You know, we started just chargeback, and now it's policy, and then it's dispute. To help them optimize their relationship with their clients, understand who the-- give a better experience to their best clients, block the bad ones out, and I think, you know, we'll continue to release in that vein. Sure.
Yeah. Are there opportunities that we provide with, Shopify or Etsy or other large platforms?
I think that's a great point 'cause we talk a lot about, like, the direct relationship with the end enterprise clients, and definitely, as we think about servicing the SMB, that's not something we can do, and you would want to work through the intermediaries, whether it's like a Shopify, an Etsy, to be an infrastructure risk. That's definitely the approach we employ when we think about the SMB side of things, right? How can we be the infrastructure risk for some of these other... whether it's e-commerce platforms, whether it's like PayFac or payment gateways. We don't do anything significant with them today.
The guarantee part treated as a contingency for cash or accounting.
Contingency for cash on the accounting? Not... No.
No, it's not. It's recognized right at the point of our sale, and the chargeback is actually what gets kind of what fall over to you.
Well, I understand. You don't guarantee the results for your company, the merchants. You don't say, "Okay, there's 3-4% connections, our system is so good. We take the risk, not take the risk to say, 'We help you, but we don't take the risk if it's if you are wrong on your systems.'
No, we do. If we make a mistake. So the way to think about this is that, let's say, we would bill a client based on the amount we approved and the take rate we're supposed to take, let's say $100, but for that given period of time, $30 came back as chargebacks, mistakes that, transactions that we mistakenly approved. So we would actually invoice the client $70, right? Net of those chargebacks. And that, that's how predominantly it works. The invoice becomes smaller by the amount of the chargebacks.
Like a 2018 number.

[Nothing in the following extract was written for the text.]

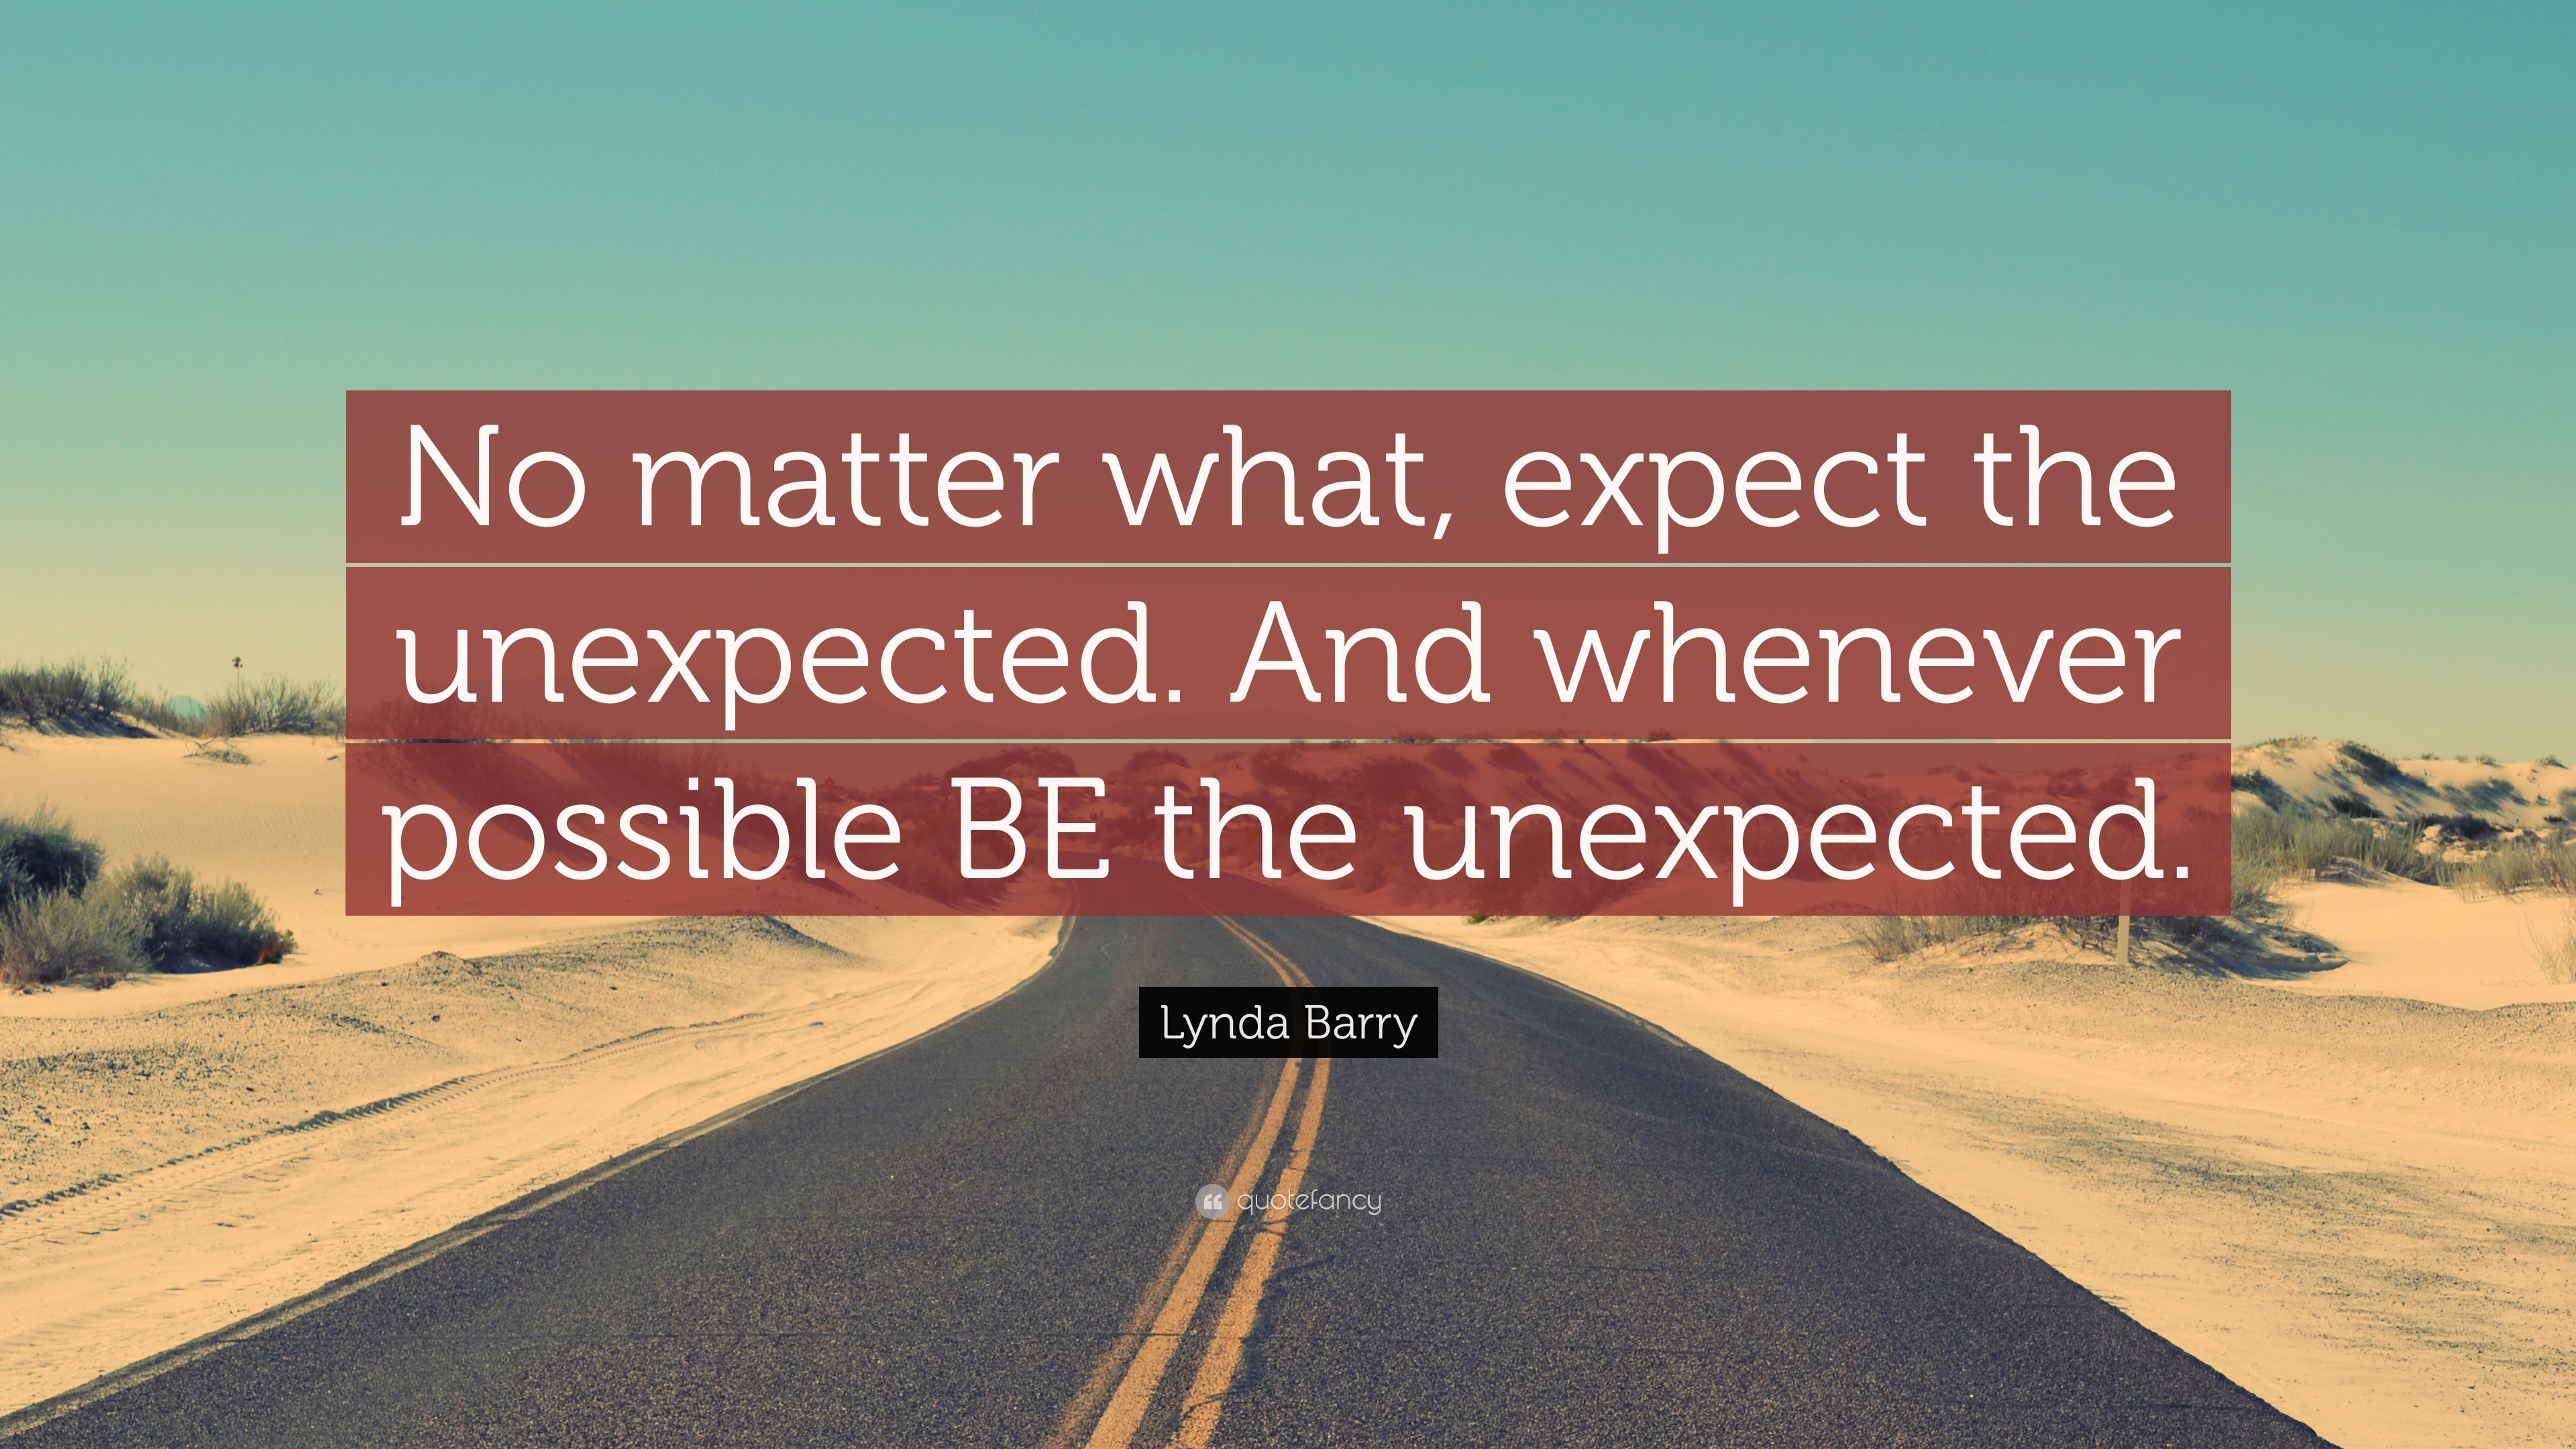 Lynda Barry Quote: “No matter what, expect the unexpected. And whenever
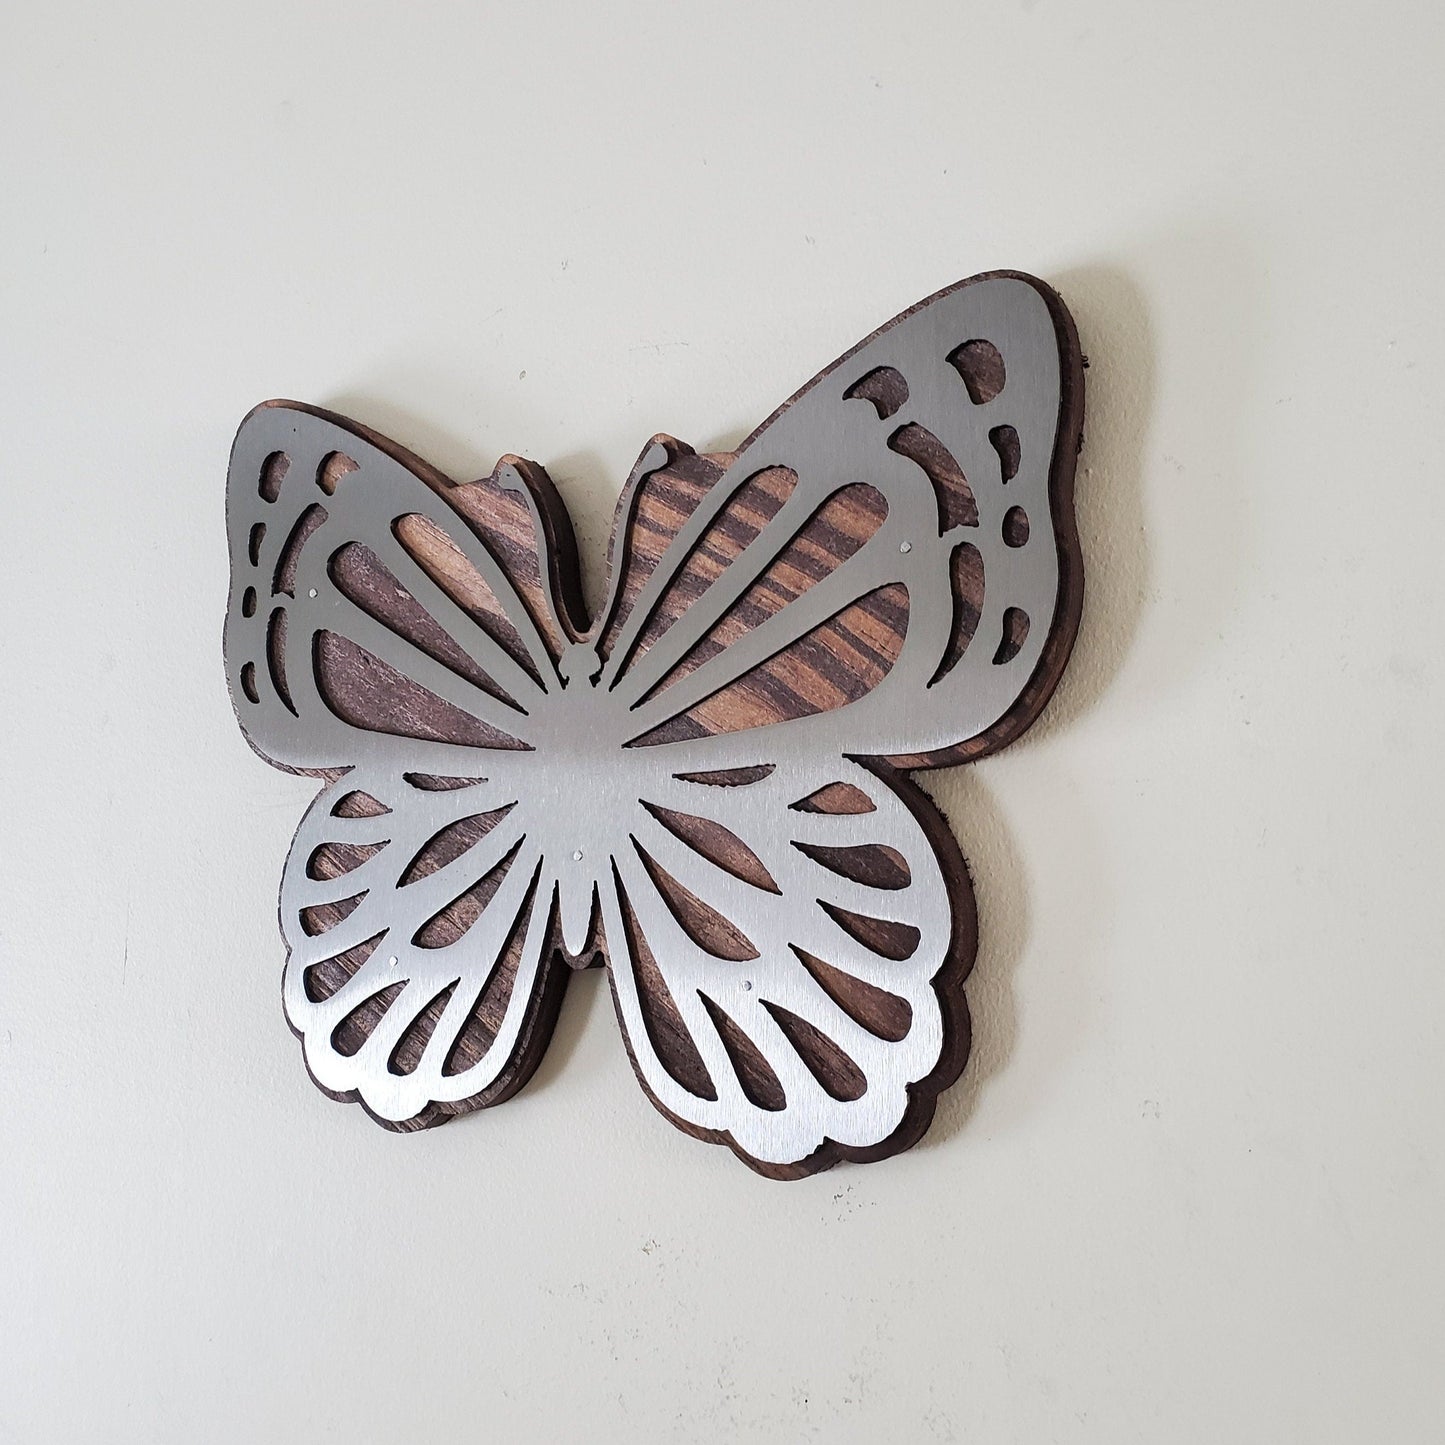 Metal Art wall decor Butterfly to highlight the beautiful wood grains through delicate steel cutout details which seem to frame the rustic wood beneath it. The metal reflects light, mimicking the sun’s rays

What is happening in your PNL as that gets better or better? Is that, like, those markets are ticking up? Is that how that works out?
Correct.
As you roll over, I don't know, do you have, like, multi-year contracts? Do you guys have...
We have anywhere from 1 to 3-year contracts.
What, what's happening to that basis point of the take rate?
It can be some combination, right? It can be, "Hey, look, you're actually at 93. We think you can be at 95 for a slightly higher fee." Or, you know, "Let's package some of these more platform e-sales around policy and dispute, you know, kind of together with incremental discounts for long-term contracts." But that's part of the discussion.